Bijwerkingen en risico's

Bij elke operatie kunnen er achteraf problemen zijn. Ook als de operatie zelf goed is gegaan. Deze problemen noemen we complicaties. Complicaties die voor kunnen komen zijn: 

  • nabloeding of bloeduitstorting. Dit gebeurt vaak en gaat vanzelf over
  • infectie. Dit komt bijna nooit voor
  • beschadiging van de zenuwen in de vingers.
  • na een selectieve fasciectomie en dermatofasciectomie minder gevoel in de vingertoppen. Dit is meestal na een paar maanden over.
  • na een percutane naald fasciotomie zijn we meestal geen problemen. Wel kan de kromstand snel weer terug komen.

Wanneer bellen?

Bel ons als u:

  • koorts krijgt (hoger dan 38,5 C)
  • erge pijn aan uw hand heeft
  • er etter uit de wond komt

Bellen kan op werkdagen van 8.00 tot 16.30 uur op het telefoonnummer (050) 361 14 84. Bel op andere dagen of tijden het algemene nummer (050) 361 61 61. Vraag naar de plastisch chirurg die dienst heeft.

Tips voor thuis

  • Na een percutane naaldfasciotomie mag u de dag na de ingreep bijna alles doen met de geopereerde hand, behalve zwaar werk. Na 2 weken mag dat ook weer.
  • Na een selectieve fasciectomie en dermatofasciectomie moet u het de eerste 6 weken rustig aan doen met uw hand. Het kan zijn dat u hulp nodig heeft bij sommige dingen. Bijvoorbeeld bij het aankleden, werken of het huishouden. De verpleegkundige overlegt met u waar u hulp bij nodig heeft. En wat uw opties zijn. Na 6 weken kunt u uw hand meestal weer normaal gebruiken.
  • Houd de wond goed schoon. Zo heeft u minder kans op infecties. Zolang de wond open is mag u geen activiteiten doen waarbij er vuil in de wond kan komen. Bijvoorbeeld zwemmen of afwassen. Vanaf 48 uur na de operatie is het goed om uw hand dagelijks te spoelen met kraanwater.

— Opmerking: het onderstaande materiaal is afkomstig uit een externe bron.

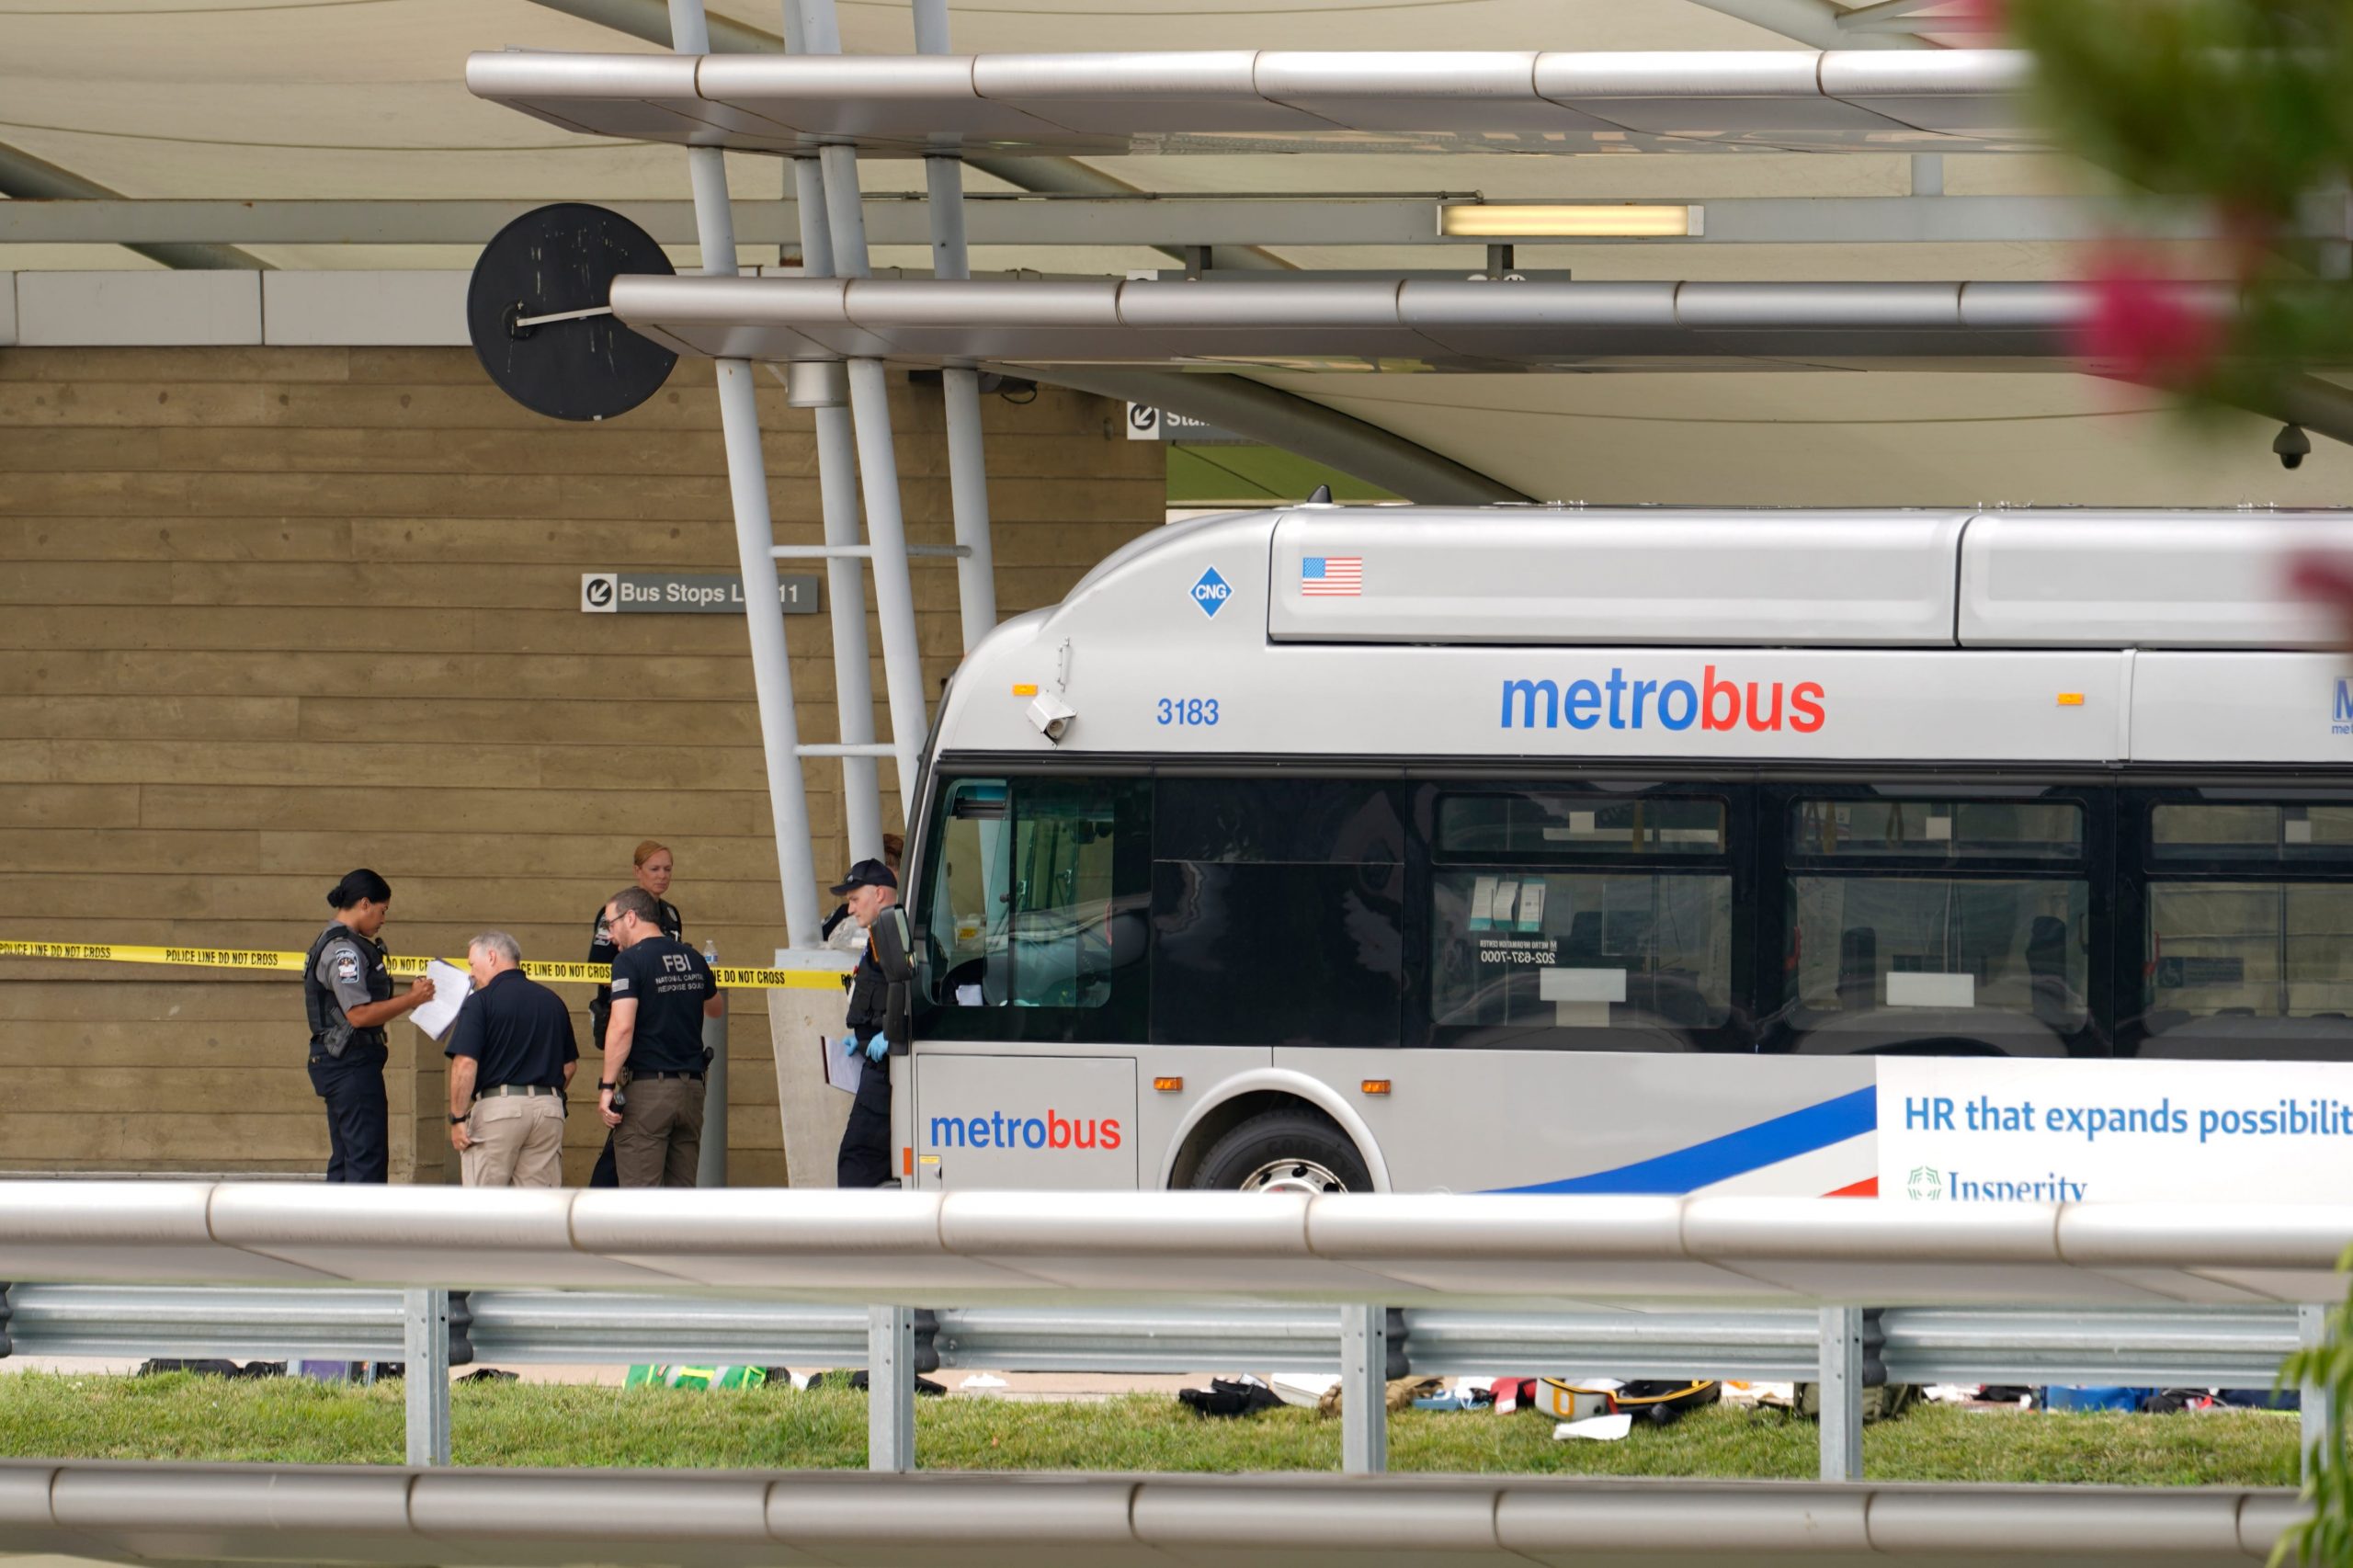 Police are looking at a scene and items are seen on the ground near a Metrobus outside the Pentagon Metro area.

Dep de hand daarna droog met een schone handdoek.

Medisch wetenschappelijk onderzoek

Onderzoeken die we op dit moment doen naar de ziekte van Dupuytren:

Heeft u nog vragen?

U kunt de polikliniek Vorm en Beweging bellen van maandag tot en met vrijdag, tussen 8.00 en 16.30 uur.

Heeft deze informatie je geholpen?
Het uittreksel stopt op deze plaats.